太后緩緩閉眸,再睜開時,混濁的眼底盡是冷意,她用蒼老的聲音篤定道:「不會太久了,哀家不會叫你和琨兒等太久了。」

……

出宮的宮道上,白鴛不解地問謝堅,「到底出了什麼事?本來好好的,卻說太后他們從後門走了,你們為何又與縣主在一處?縣主的斗篷怎麼髒了?」

謝堅看著前頭二人,只做了個噤聲的手勢。

剛離開停雲閣,秦纓面色便冷沉下來,此刻她正拿著絲帕擦自己的手,邊走邊道:「我自然早早認出了鄭煒,我也知道,有太后娘娘和皇后護著,我今日之遭遇,想要的公道是討不來的,因此在來人之前,我自己將公道討足。」

謝星闌本是去救人,誰知秦纓不僅毫髮無傷,還自己將仇報了,反令他心底空落落的,這時秦纓問:「是何人與你報信?」

「一個面生的小太監。」

秦纓沉思一瞬,「是三皇子,我與那嬤嬤去停雲閣的路上,只遇到了三皇子和他的侍從,他當時請我去幫他解天宮鎖,我還覺莫名其妙,現在想來,他或許是發現鄭煒等候在停雲閣圖謀不軌,想幫一幫我……」

謝星闌也有些意外,「未想到竟是他,他平日裡不顯山露水,若真是他,倒值得一謝。」

默了默,他轉而道:「今日這般安排,不似太后所為。」

秦纓唇角緊抿,目光也漠然起來,「應是皇后。」

謝星闌道:「是我的不是。」

秦纓看他一眼,「與你何干?」

謝星闌沉聲道:「當初陛下要詔你入宮,我便該阻止,不該令你捲進來,今日你遇險,多是皇后為南詔公主的案子心存報復,不僅要壞你聲名,更要因此逼你定婚嫁之事,好讓你一輩子只能與鄭氏綁在一處。」

謝星闌看得分明,但秦纓卻鬱悶起來,她提起裙襬,加快腳步朝宣武門走,彷彿懶得與他為伍。

謝星闌忙跟上,低聲問:「我說錯了?」

秦纓沒好氣道:「你為我著想,怎會有錯?」

謝星闌不甚明白她心思,只亦步亦趨道:「是我惹你不快,前些日你來衙門,我雖去探望程公,卻並未直言當年舊事——」

秦纓腳步微滯,謝星闌也跟著慢半步,「謝詠還有兩日才歸京,一切還是等那人證回來再論,且程公身體不適,我也不忍令他費神。」

秦纓一聽,又走快了些,「原來如此。」

謝星闌沉默半晌,眼見宣武門將近,終是道:「我不忍令你涉險。」

秦纓步伐頓了頓,再側眸看他,謝星闌言辭有些艱難:「此舊案是滅門之仇,亦成敗難卜,若幕後之人勢大,或許連我、連將軍府也下場難料,我怎忍心讓你捲進來?」

秦纓心底「咯噔」一下,她自然沒忘原文中謝星闌的結局,她心腔揪做一團,想說什麼,二人卻到了宮門處,從狹窄逼仄的宮道走入城門洞下,身側黑嗡嗡的,但謝星闌腳步在側,一下一下落在秦纓心頭,只叫她打定了主意。

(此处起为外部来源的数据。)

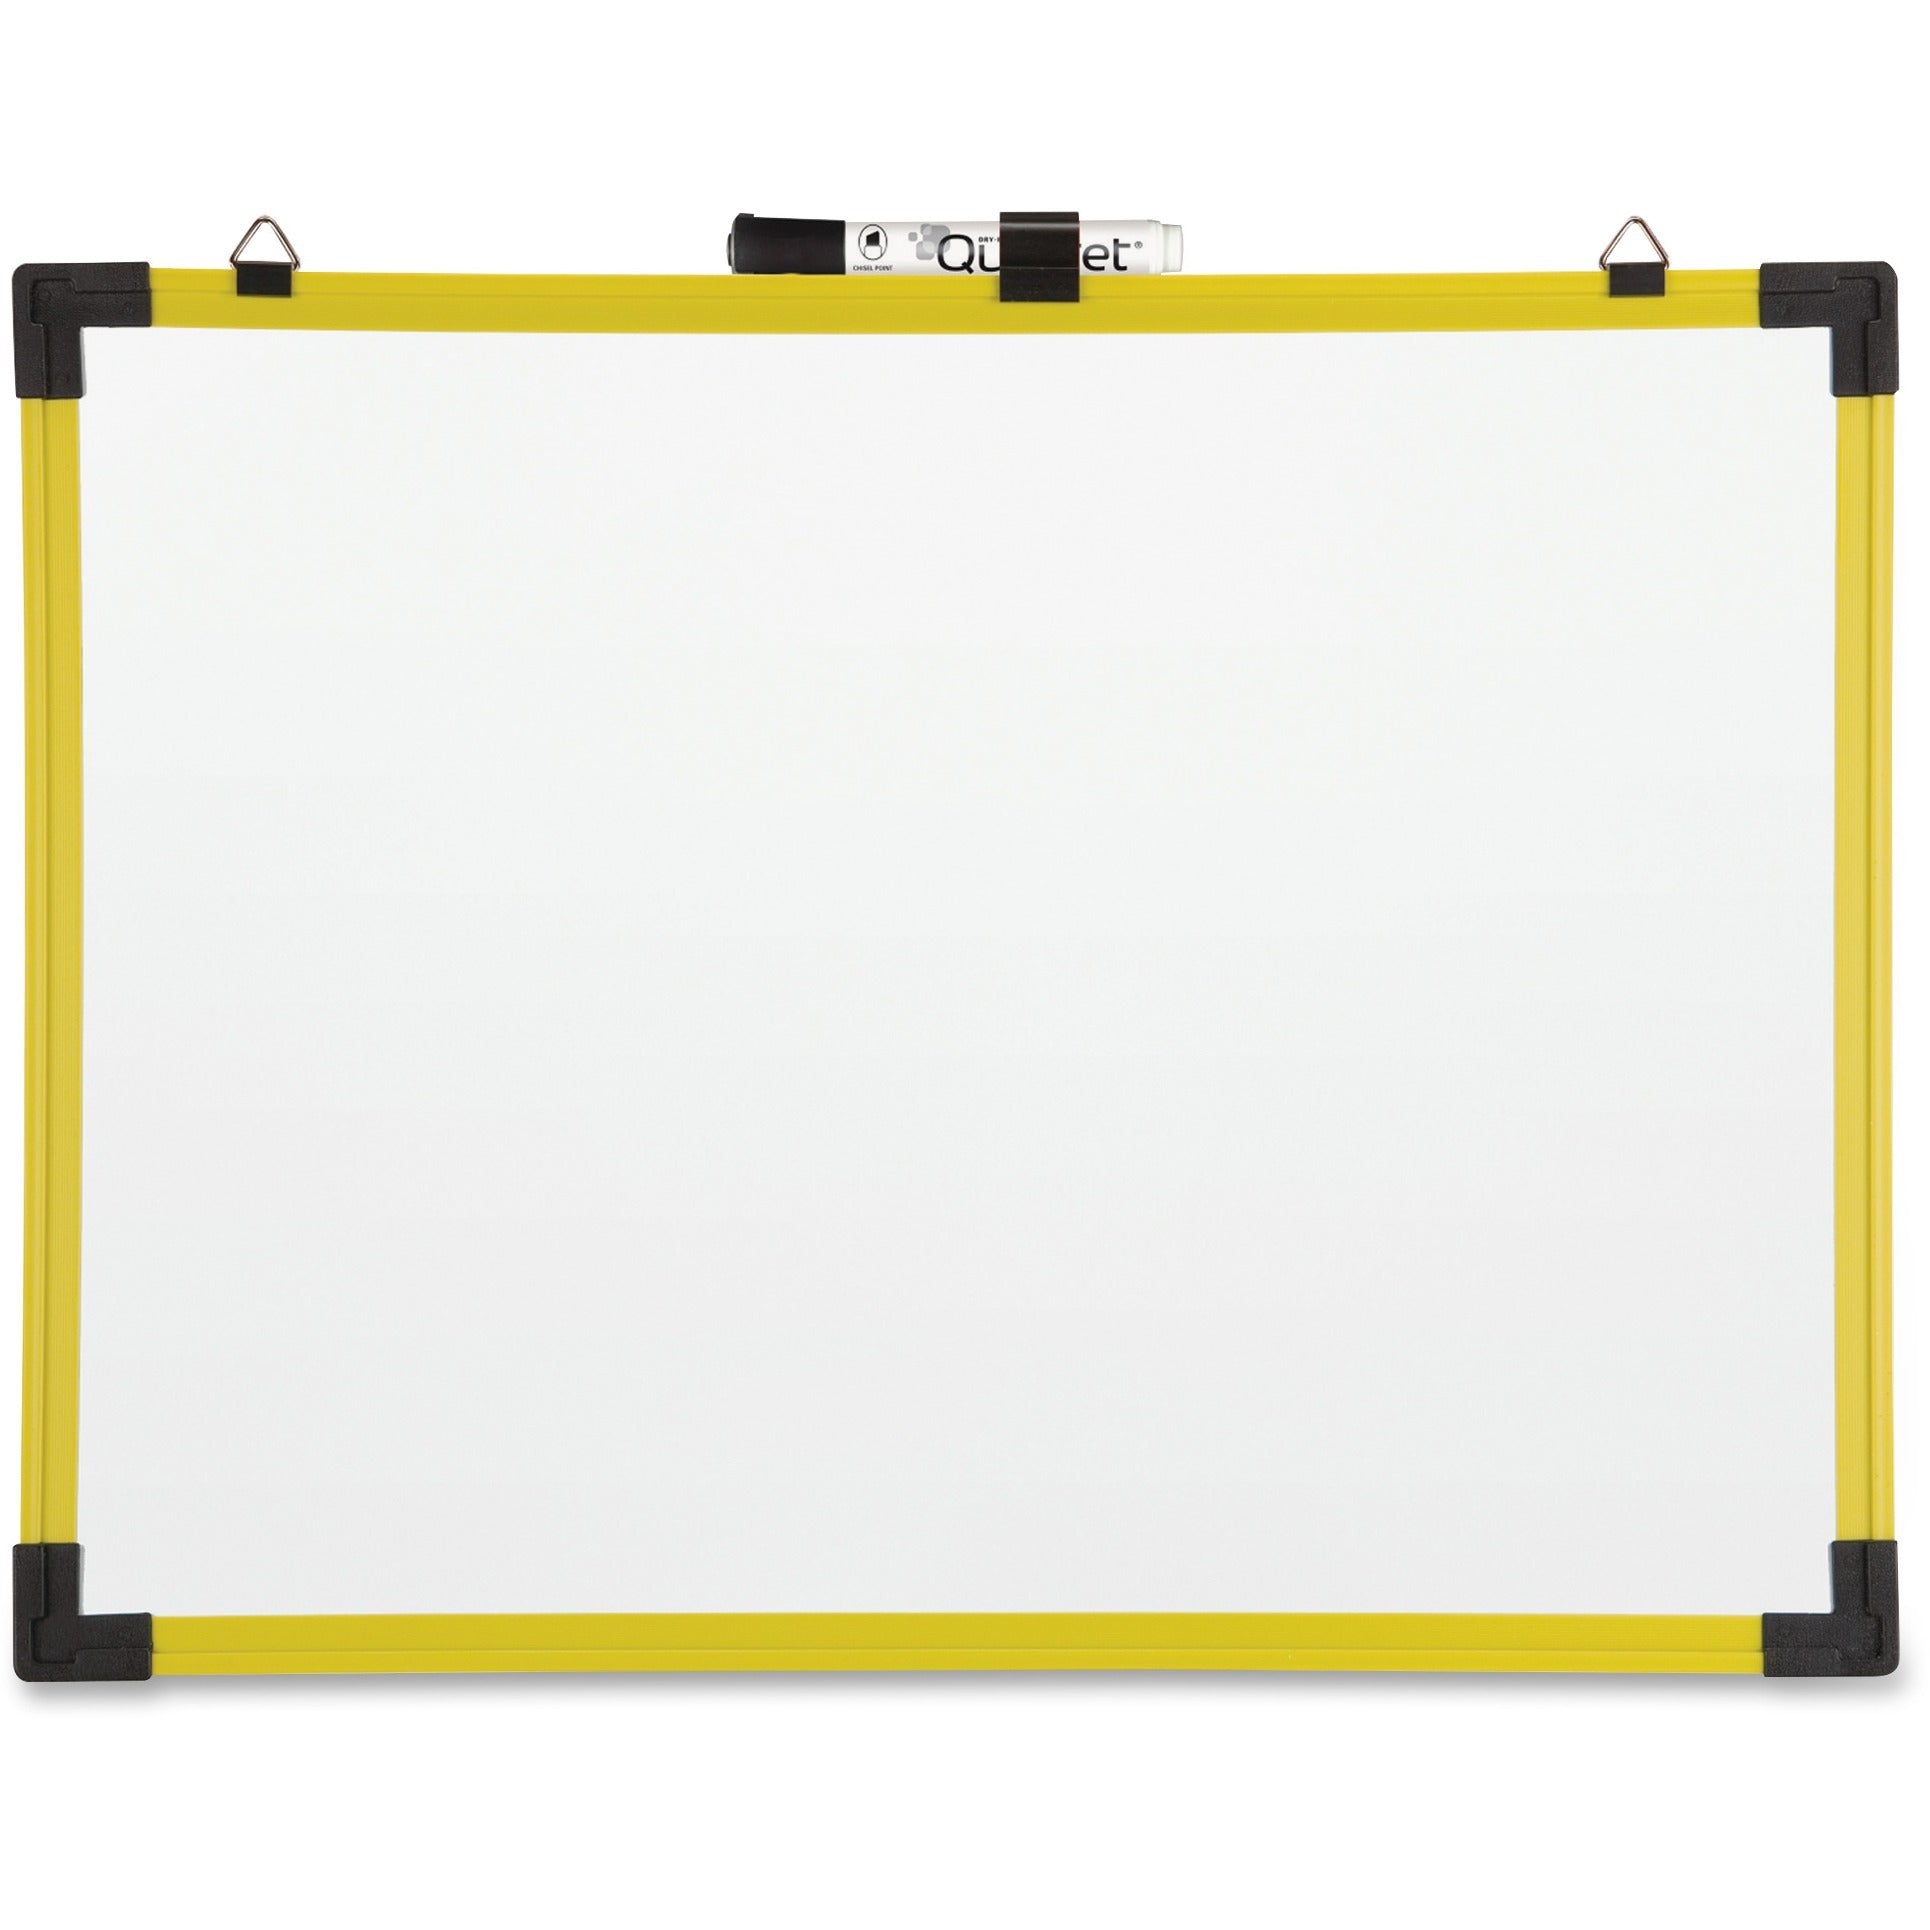 quartet-industrial-magnetic-whiteboard-48-4-ft-width-x-36-3-ft-height-white-painted-steel-surface-bright-yellow-aluminum-frame-rectangle-horizontal-magnetic-1-each_qrt724126 - 2

出得宮門,一片冰天雪地的浩然明光迎接他們,秦纓輕撥出口氣,「今日雖是有驚無險,但我算真正明白了你的話——」

謝星闌不解,這時秦纓回看了一眼巍峨的宮城,「這是他們的法則,為了權力,對自己殘忍,對旁人更是毫不留情,沒有王法與公允可言。」

她說的,正是崔慕之替罪與皇后設局。

她又看向謝星闌,「但再來一次,我還是會去查明阿月的死因,無論是否遭誰嫉恨,無論今日遇見哪般惡人——」

她溫和而堅定地道:「我沒有害怕。」

秦纓目光雪亮,瞳底更似燃著一簇火,彷彿無論何時,她都有堅不可摧的英勇,謝星闌心腔劇烈地跳動,甚至生出一股子迫切的妄想,想靠她更近一些。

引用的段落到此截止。